- Directed by: Viktor Bánky
- Written by: Miklós Tóth
- Starring: Antal Páger; Gyula Csortos; Valéria Hidvéghy; Margit Ladomerszky;
- Cinematography: Barnabás Hegyi
- Edited by: László Katonka
- Music by: Ottó Vincze
- Production company: Mester Film
- Release date: 18 August 1942;
- Running time: 91 minutes
- Country: Hungary
- Language: Hungarian

= Changing the Guard (film) =

1942 film

Changing the Guard (Hungarian: Örségváltás) is a 1942 Hungarian drama film directed by Viktor Bánky and starring Antal Páger, Gyula Csortos and Valéria Hidvéghy. It was the second of two films with overtly nationalistic themes that Bánky and Páger made in 1942. The previous film Dr. Kovács István had dealt with similar issues in Hungarian society. It was shot at the Hunnia Studios in Budapest.
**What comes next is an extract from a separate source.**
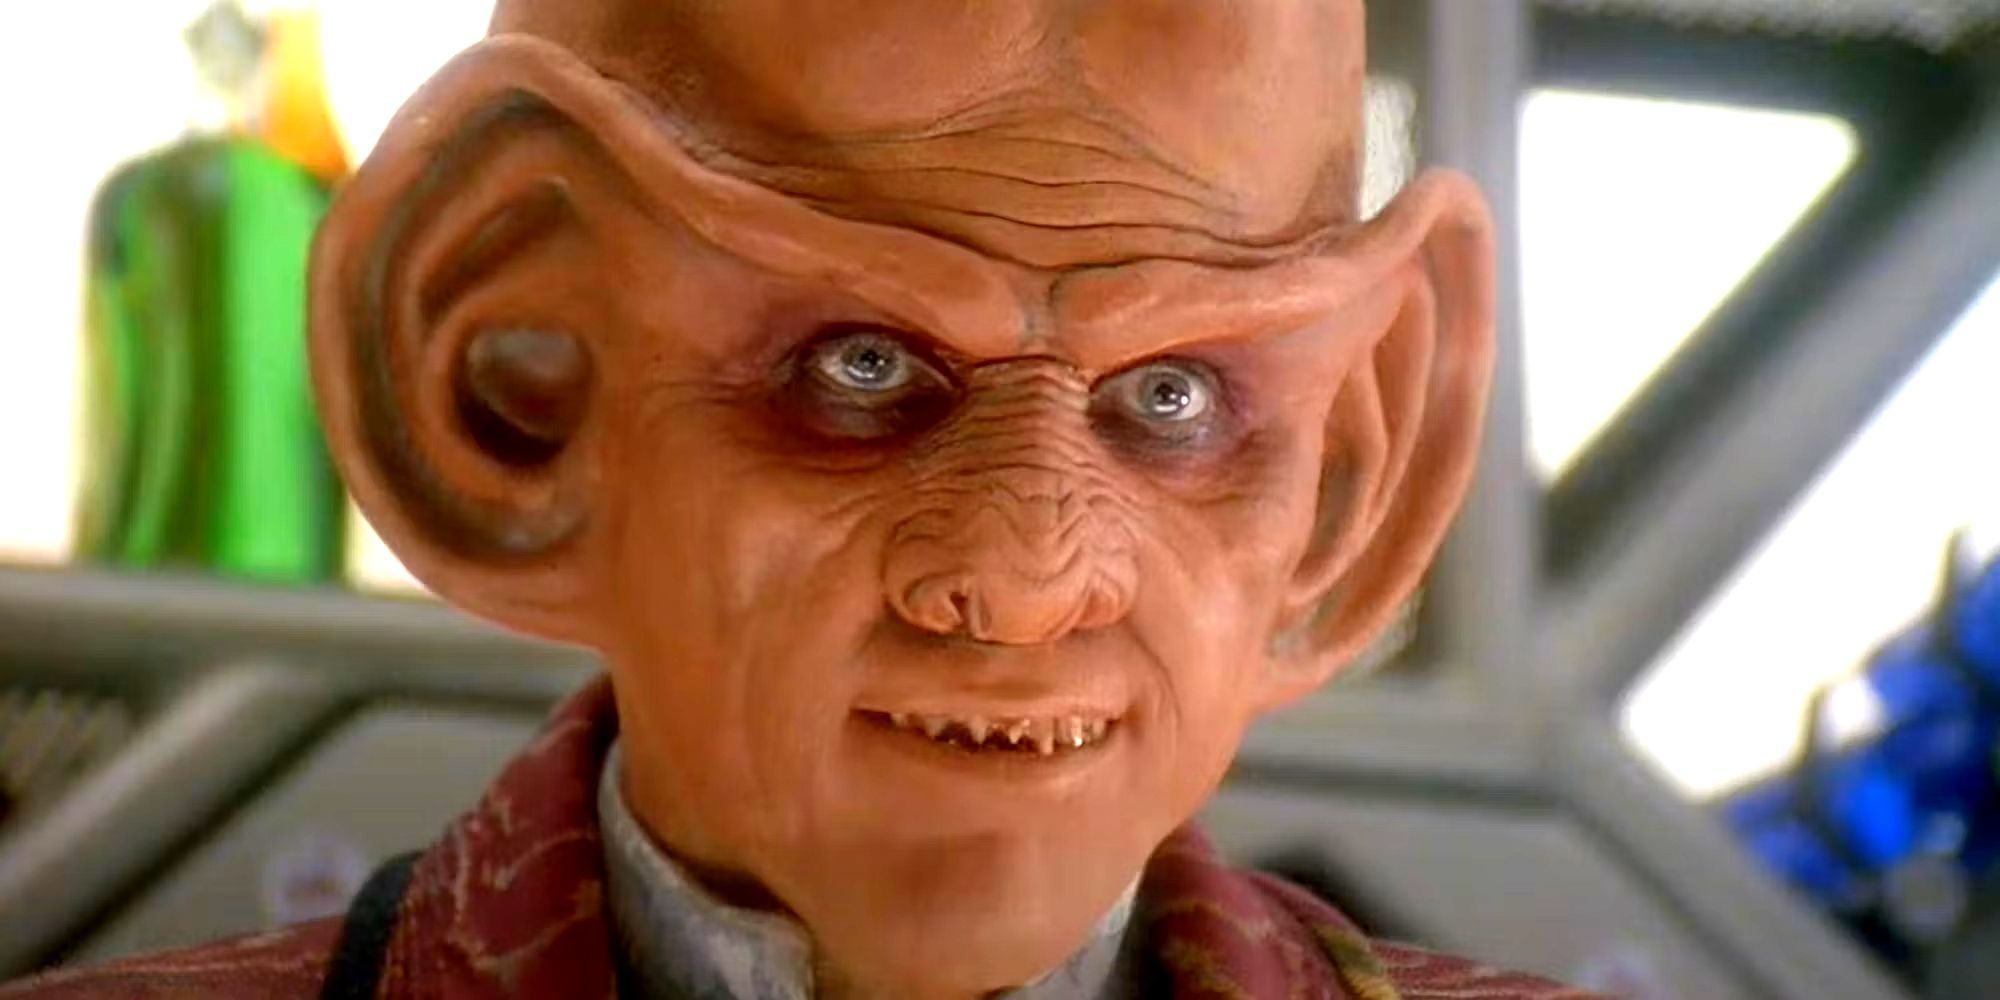 “Yo diría que sí”: Armin Shimerman de DS9 regresaría a Star Trek como Quark

The film's sets were designed by the art directors István Básthy and Sándor Iliszi.

==Synopsis==
A talented young engineer is frustrated by the reactionary management of his factory who constantly overlook him. Eventually his talent is recognised by the authorities and he is appointed to run the factory and clear out the old guard.

==Cast==
- Antal Páger as Takács Péter
- Gyula Csortos as Kály Zsiga
- Valéria Hidvéghy as Marianna, Kályék lánya
- Dezső Kertész as Zubiczky
- Margit Ladomerszky as Kályné
- Zoltán Makláry as Vargha bácsi
- Béla Mihályffi as Szegõ Lipót
- Zoltán Szakáts as Bajkó László
- Mariska Vízváry as Pepi néni
- Nándor Bihary as Fodor
- Jenö Danis as Ferenc, altiszt
- Béla Fáy as Kallós
- Irén Pelsöczy as Szepesy testvére
- Vera Szemere as Magda, Bajkó felesége
- Béla Vizi as Gróf Szepesy Miklós

==Bibliography==
- Cunningham, John. Hungarian Cinema: From Coffee House to Multiplex. Wallflower Press, 2004.